Page MenuHomePhabricator

Writing to streams can run into issues with EINTR
Closed, ResolvedPublic

Description

See https://discourse.phabricator-community.org/t/sporadic-git-cloning-hang-over-ssh/2233/. This is probably a real issue but the reproduction case is "clone 9000 times in a loop under a full moon" and the proposed patch involves "preg_match()" against English language error messages. Hopefully we can do better on both dimensions.

See also https://bugs.php.net/bug.php?id=39598 in the PHP upstream.

Event Timeline

epriestley triaged this task as Low priority.
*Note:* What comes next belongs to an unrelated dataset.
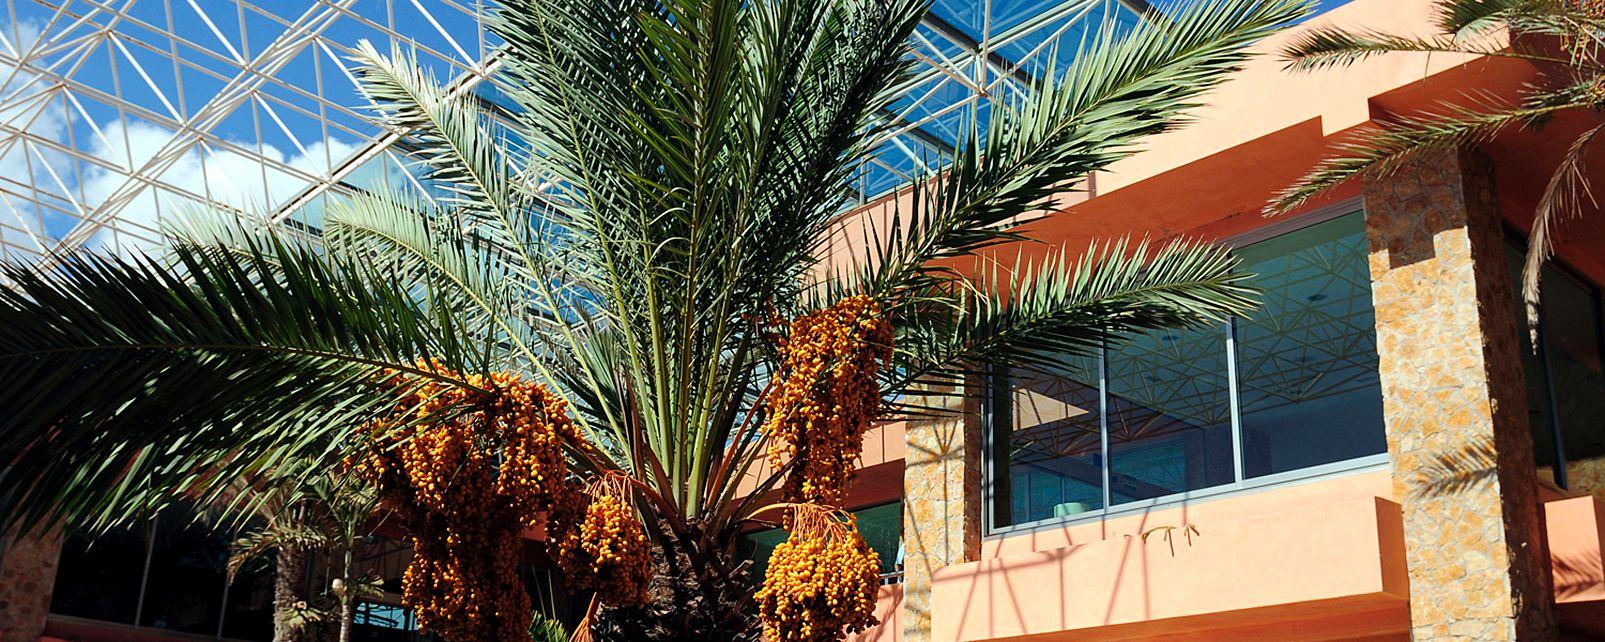 Hôtel Barcelo Fuerteventura Thalasso Spa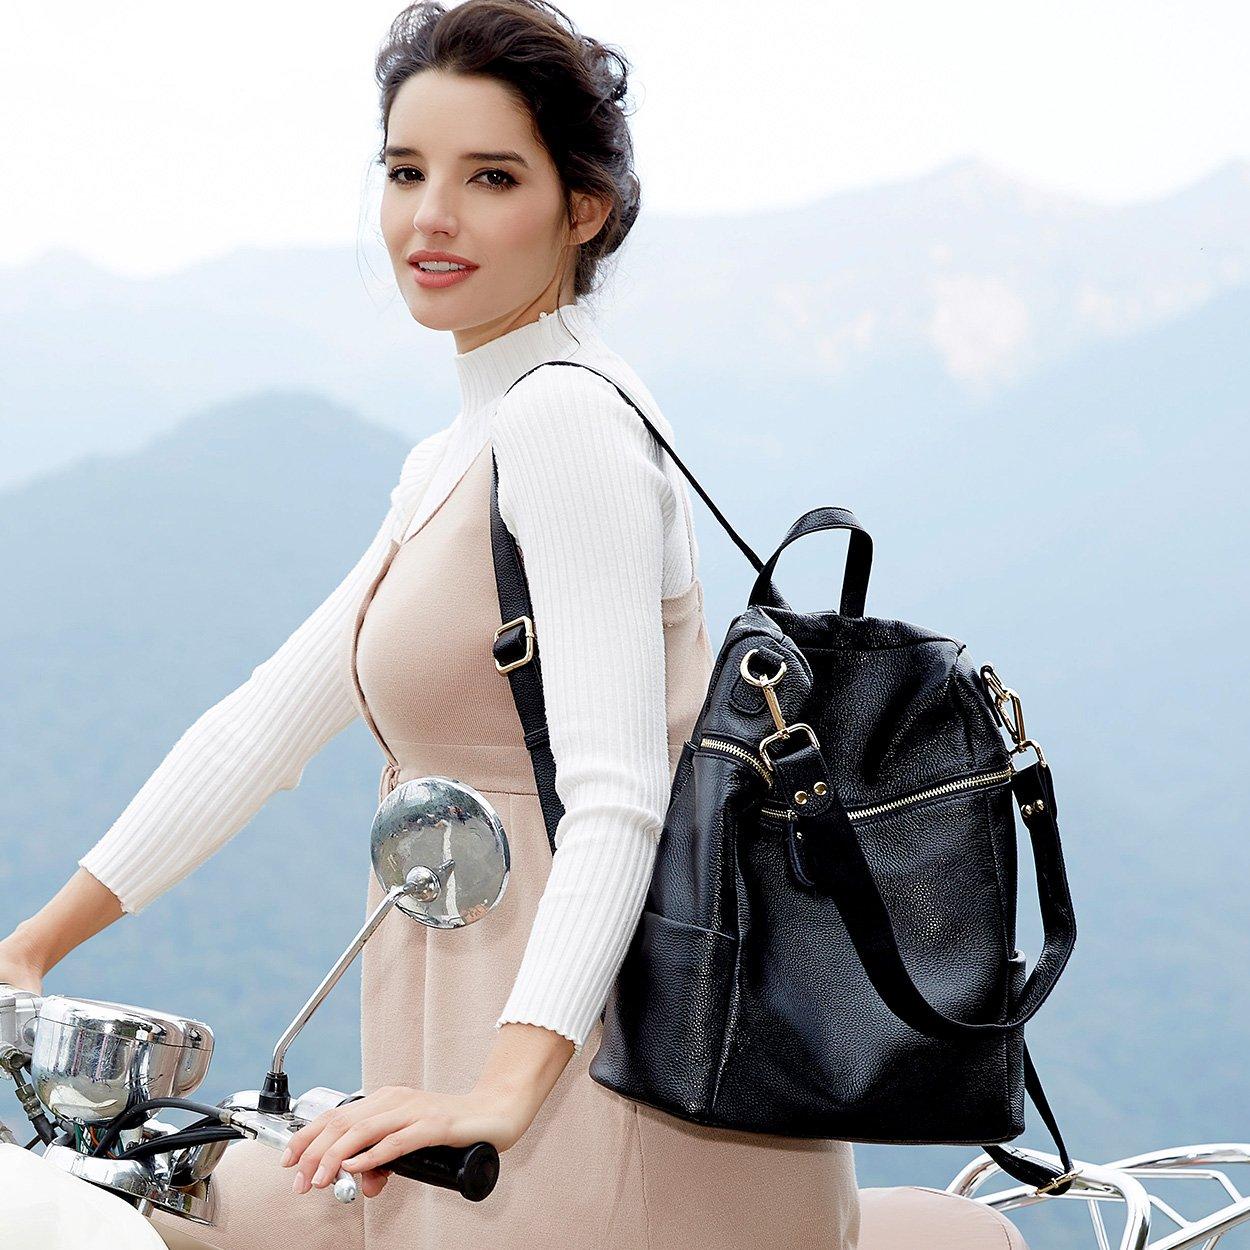 BOYATU Convertible Genuine Leather Backpack Purse for Women Fashion Travel Bag (Black) by BOYATU (Image #7)

Here's a script which can hit these behaviors without cloning 9000 working copies in a loop:

#!/usr/bin/env php
<?php

pcntl_async_signals(true);
error_reporting(E_ALL | E_STRICT);
set_error_handler('onerror');
pcntl_signal(SIGHUP, 'onsignal');

$stdout = fopen('php://stdout', 'w');
if (!$stdout) {
  throw new Exception(pht('Unable to open stdout.'));
}

stream_set_blocking($stdout, 0);
$one_megabyte = str_repeat('.', 1024 * 1024);

xlog('This PID', getmypid());

while (true) {
  xlog('Trying a write', '...');

  $result = fwrite($stdout, $one_megabyte);
  xlog('fwrite()', $result);

  $read = array();
  $write = array($stdout);
  $except = array();

  xlog('Starting a', 'stream_select()');
  $result = stream_select($read, $write, $except, 5);
  xlog('stream_select()', $result);
  xlog('error_get_last()', error_get_last());
  xlog('posix_get_last_error()', posix_get_last_error());

  sleep(1);
}


function xlog($label, $value) {
  error_log($label.': '.json_encode($value));
}

function onerror($errno, $errstr) {
  xlog($errno, $errstr);
}

function onsignal($signo) {
  xlog('Got signal', $signo);
}

The general idea here is that you run it like:

$ ./select_errors.php | sleep 15

...and then maybe send it some signals with:

$ kill -HUP <pid>

The general behavior here is:

  • The first fwrite() will write some bytes. These bytes will fill up the buffer on our stdout / sleep's stdin.
  • Since sleep does not read stdin, the buffer will remain full. Subsequent fwrite() calls will write 0 bytes. This corresponds to EAGAIN.
  • After 5 seconds (whatever you pass to sleep X), the sleep process will exit. This will break the pipe, and put us in an EPIPE condition.
  • If you HUP the process in another terminal at the right time, you can interrupt the stream_select() call. This is EINTR.

My observations are:

  • In EAGAIN, the write writes 0 bytes and the stream_select() says we're not writable. This is reasonable.
  • In EPIPE, the write writes 0 bytes but the stream_select() says we're writable. This is super not great and the original problem we're working around.
  • In EINTR, the write writes 0 bytes and the stream_select() returns an error. This is the new condition we aren't handling properly.

That is:

fwrite(): errorfwrite(): 0fwrite(): 1+
stream_select(): errorTrust fwrite() error.NEW! Assume EINTR.Trust fwrite() success.
stream_select(): 0Trust fwrite() error.Legitimate EAGAIN.Trust fwrite() success.
stream_select(): 1Trust fwrite() error.Old. Heuristically guess whether this is a real EAGAIN that we raced against or an EPIPE.Trust fwrite() success.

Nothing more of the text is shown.